Scheduling description

The modeler can specify the scheduling information of a species. The scheduling information composes of the execution frequency and the list of agent to be scheduled.

• the execution frequency is the frequency which agents of the species are considered to be scheduled.
• "the list of agent to be scheduled" is an expression returning a list of agent dynamically evaluated at runtime.

species foo skills:[moving] parent:bar frequency: 2 schedules: (list (foo)) where (each.energy > 50)  {
    var energy type: float init: rnd (100) min: 0 max: 100 value: energy - 0.001;
  ...
}

• frequency: consider to schedule agents of the "foo" species every 2 simulation step.
• schedules: is an expression of the list of agent to be scheduled, this expression returns "foo" agents having energy greater than 50.

Hence, every 2 simulation step, "foo" agents having energy greater than 50 are scheduled.

Topology description

The topology describes the spatial organization of the species.
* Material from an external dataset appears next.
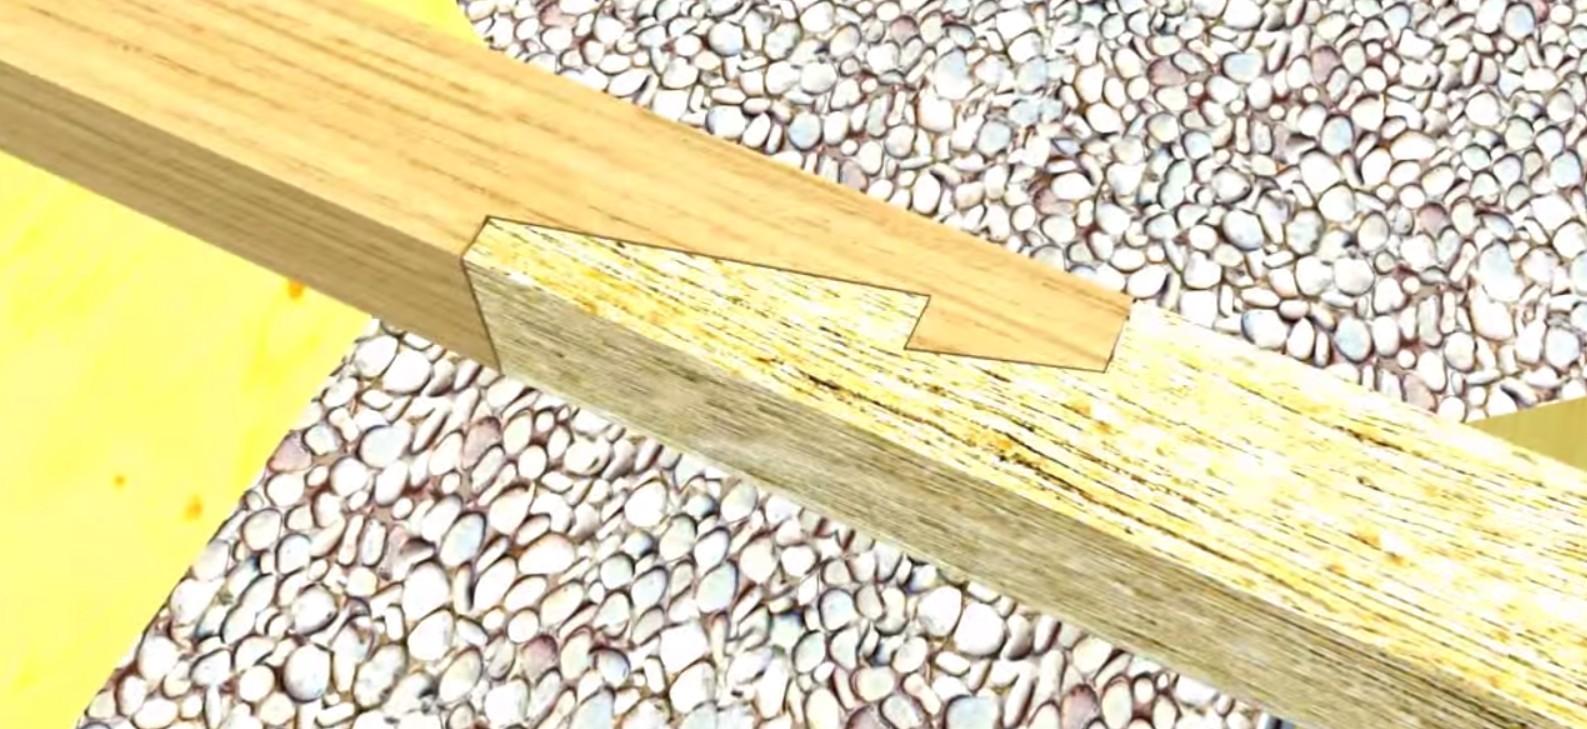 Соединение бруса в замок фото

This imposes constraint on the movement and perception (neighborhood) of the species' agents. GAMA supports three types of topology: continuous, grid and graph.

species foo skills:[moving] parent:bar topology: (square (10)) at_location {50, 50}  {
  ...
}

Topology of the "foo" species is a square of 10 meters each side at location {50, 50}.

Nesting species

A species can be defined inside another species. The enclosing species is the macro-species. The enclosed species is the micro-species. A model has "world" species as top-level species. The "world" species has one special agent ("world" agent) playing the role of the global context. The possibility to establish micro-macro relationship, to specify the scheduling description and the topology description enable the modeler to develop multi-scale model.

species A  {
  ...
}

species B {
   species C parent: A {
   ...
   }

   species D {
   ...
   }
}

• "A" and "B" are micro-species of "world" species.
• "C" and "D" are micro-species of "B" species.
• "C" species is a sub-species of "A" species. So agents of "A" species can be captured by an agent of "B" species to become a "C" agent, micro-agent of the "B" agent. Vice-versa, a "C" agent, micro-agent of a "C" agent, can be released from the "C" agent to become an "A" agent.

Control: behavioral architecture

By default, species are created with a minimal behavioral architecture : they only allow the definition of reflexes as a way to define the agents' behaviors. As reflex-based agents are somewhat limited when it comes to maintaining a state between two steps or enabling the selection of behaviors, GAML provides the modeler with two possible behavioral architectures, EMF (for Etho-Modeling Framework) and FSM (Finite State Machines). Each of them gives the possibility to define new elements in addition to reflexes : respectively tasks and states.

Base: Java foundation

The corresponding class used to initialize agent. An advance feature of the GAMA platform allowing the third party developer to develop their own agent architecture using the Java programming language.